Simple pipes with PHP generators

2016-05-17 (Tuesday) | 1500 words (~7 minutes reading)

Pipes are a great structural pattern that can simplify the design of all kinds of software. They’re a central part of the Unix philosophy, allowing users to chain together a series of simple parts to achieve a more complex goal. Similarly, gulpjs brings the benefit of a pipe-based design to asset generation in the nodejs ecosystem.

I haven’t seen pipes used so much in the PHP world, but they’ve been simple to set up since generators were added to the language in 5.4.

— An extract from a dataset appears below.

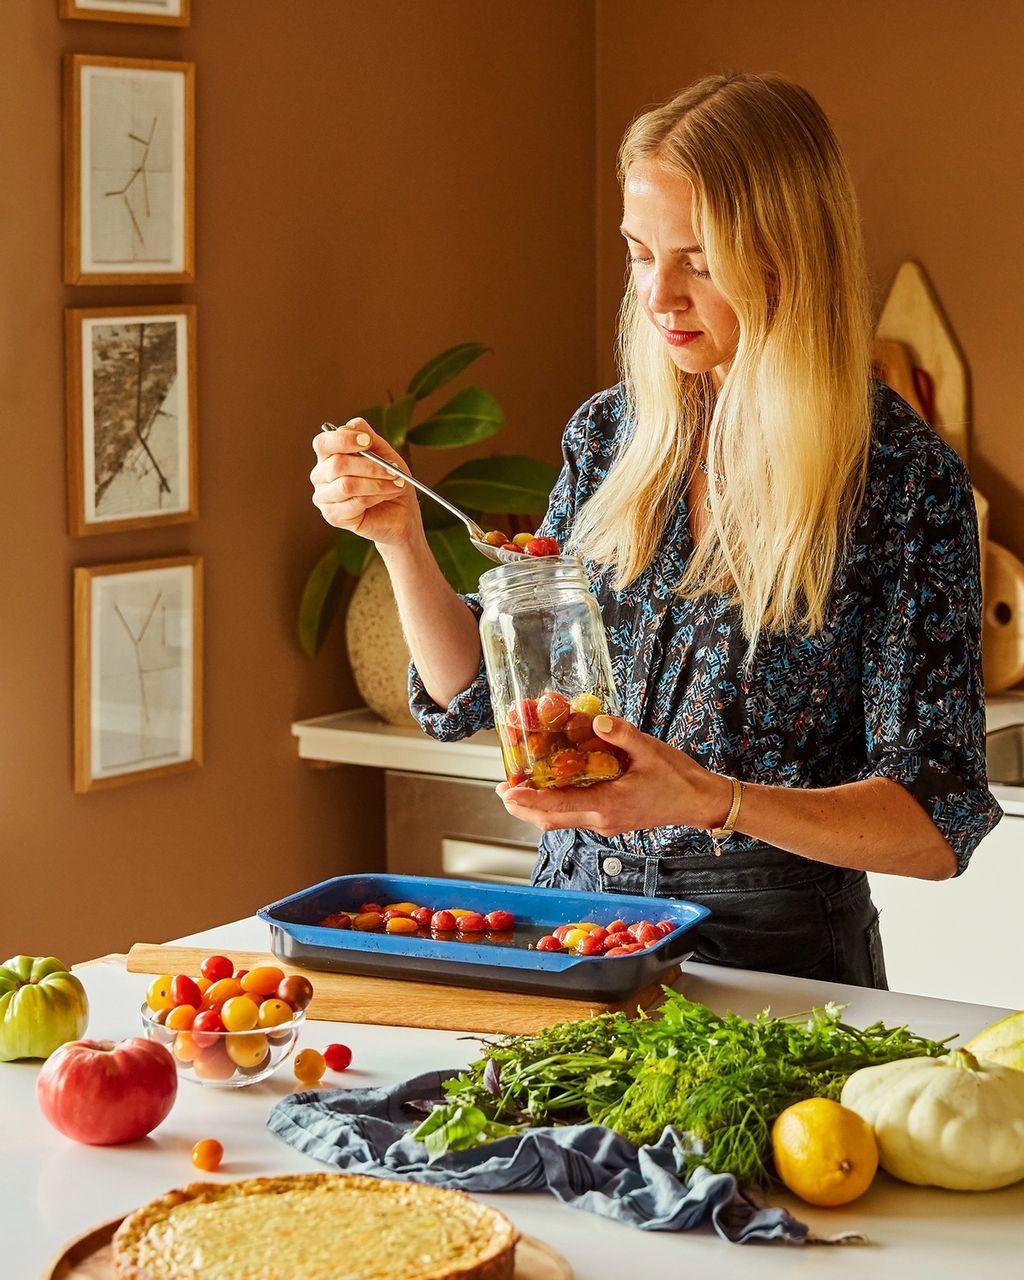 Mette Mortensen er matstylist og oppskriftsutvikler. I jobben sin komponerer hun visuelt sterke retter, med en forkjærlighet for det uperfekte, eksotiske og grafiske.

Recently at work we had a programming task that was a great candidate for being broken down into discrete parts and piped together. We had a series of items coming from a database cursor that needed to be filtered, adjusted and have information from other data sources added to them.

These operations would be easy to achieve with collections (e.g. Illuminate collections), and that would be fine for a lot of use cases. The piped approach is most useful when the total size of the set being operated on is large, as pipes can keep peak memory usage to a minimum. Pipes are also useful when working with a stream of data without a specified end point.

PHP pipes

A basic PHP pipeline can look like this:

<?php

(new Pipeline([1, 2, 3]))
    ->pipe(
        function (int $number): int {
            return $number + 1;
        }
    )
    ->pipe(
        function (int $number): int {
            return $number * 10;
        }
    )
    ->pipe(
        function (int $number): int {
            return $number / 2;
        }
    )
    ->tap();

The tap() method on the pipeline returns a generator that we can then iterate on ourselves. Printing the output from that gives the result of taking each item, adding one, multiplying by ten and then dividing by two: 10 15 20.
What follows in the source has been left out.